Les races humaines existent-elles ?
De Marcus FELDMAN, Richard LEWONTIN et Mary-Claire KING
Article paru dans la revue scientifique La Recherche en Juillet-Août 2004
I – Contexte
A partir du génome d’une personne, on peut connaître la région du globe d’où proviennent ses
ancêtres : sa « race ». Pourtant, les variations génétiques entre ces races sont très faibles, bien
moins que celles au sein d’une même race.
Que peut-on penser de la pertinence de la notion de race ?
C’est le débat de ces dernières années. La notion de race serait moins utile que la
connaissance de la région d’où proviennent les ancêtres d’un malade.
II – Variabilité génétique
Depuis 2000, on connaît 95% du séquençage du génome humain. A partir d’analyses
statistiques des variations du génome entre des individus originaires des différentes régions du
monde, on veut étudier l’histoire de l’évolution humaine.
Depuis 2002, on peut savoir la région d’où provient un individu à partir d’un grand nombre de
marqueurs génétiques.
Pourquoi ces travaux ? Pour faire de la médecine du cas par cas.
En même temps, une controverse se développe : est-ce que la notion de race a un sens et est-
elle biologiquement utile, quand on l’applique à l’homme en médecine ou en pharmacologie ?

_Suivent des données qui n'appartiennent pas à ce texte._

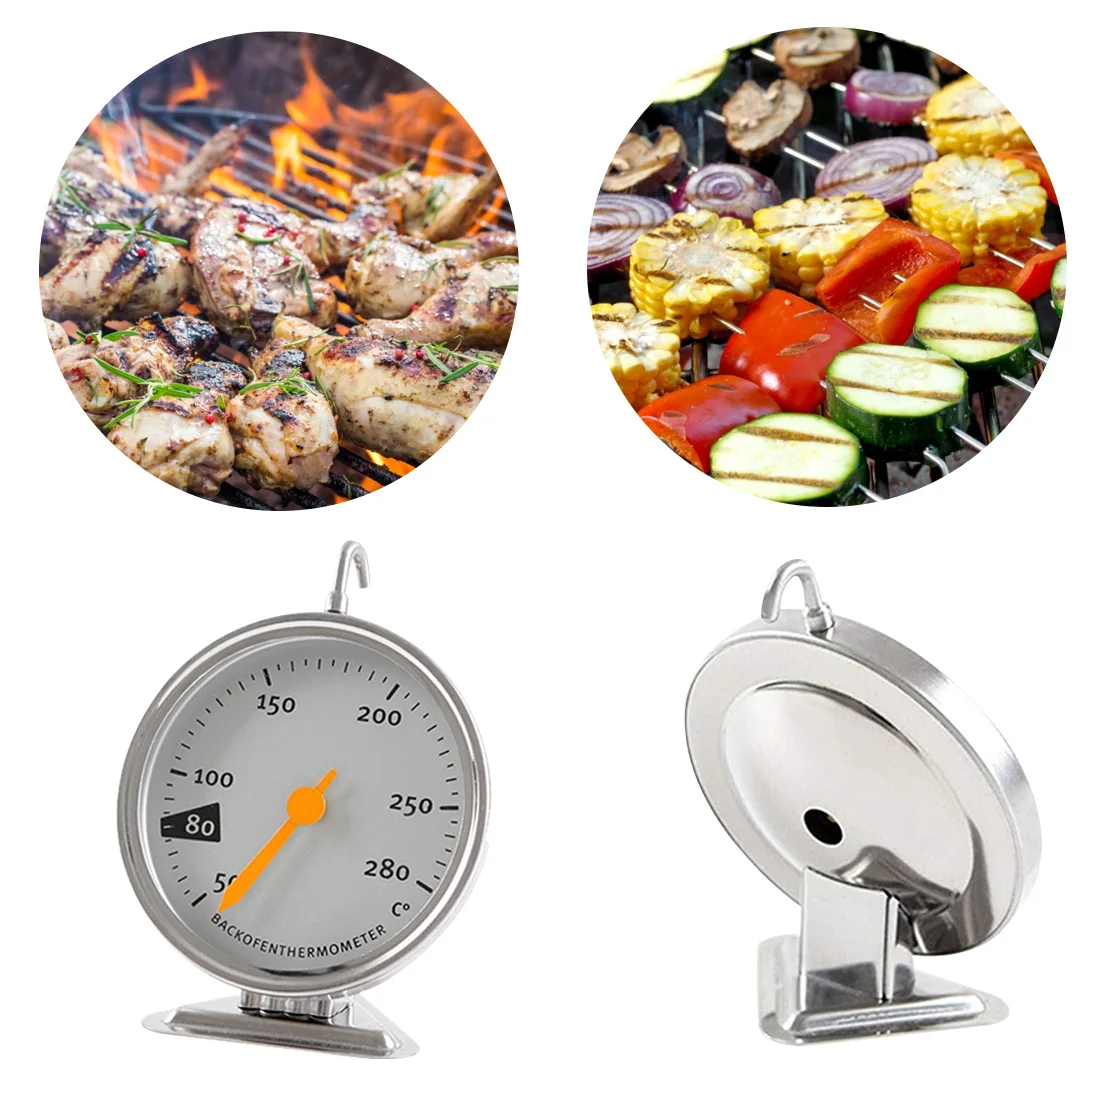 

Термометр из нержавеющей стали для духовки, прибор с большим циферблатом для измерения температуры пищи, выпечки, барбекю, мяса

Depuis 2001, plusieurs articles parus dans des revues scientifiques s’intéressent à la notion de
race en tant que concept biologique. Les données récentes seraient compatibles avec l’idée
selon laquelle une très forte proportion de la diversité génétique humaine se situe à l’intérieur
des régions géographiques. Or c’est cette observation qui a conduit les biologistes et les
anthropologues à abandonner la notion de races humaines. On pourrait dire qu’il y a
contradiction mais en fait, il s’agit d’une confusion entre deux questions différentes.
La première question est « est-il possible de trouver des séquences d’ADN qui soient
polymorphes et dont les fréquences alléliques soient suffisamment différentes entre les
grandes régions géographiques pour permettre de déterminer, avec une forte probabilité,
l’origine géographique d’une personne ? ».
On peut dire que la réponse est oui, grâce à l’étude des polymorphismes génétiques effectuée
il y a 50 ans. En effet, on sait faire la différence entre des personnes qui sont originaires
d’Afrique et d’Asie par leur couleur de peau, par leur morphologie du visage ou encore par
leur texture de cheveux.
La deuxième question est « quelle fraction de la variabilité génétique humaine trouve-t-on à
l’intérieur des populations géographiquement séparées, et quelle fraction distingue ces
populations ? ».
La réponse, démontrée depuis 30 ans, est que la variabilité génétique se situe surtout à
l’intérieur de chaque groupe et très peu entre les gènes.
Il semble donc avoir un paradoxe entre ces deux réponses. Mais une troisième question
permet de lever le paradoxe « les gènes dont les fréquences alléliques sont hautement
spécifiques de la région géographique sont-ils typiques du génome humaine en général ? ».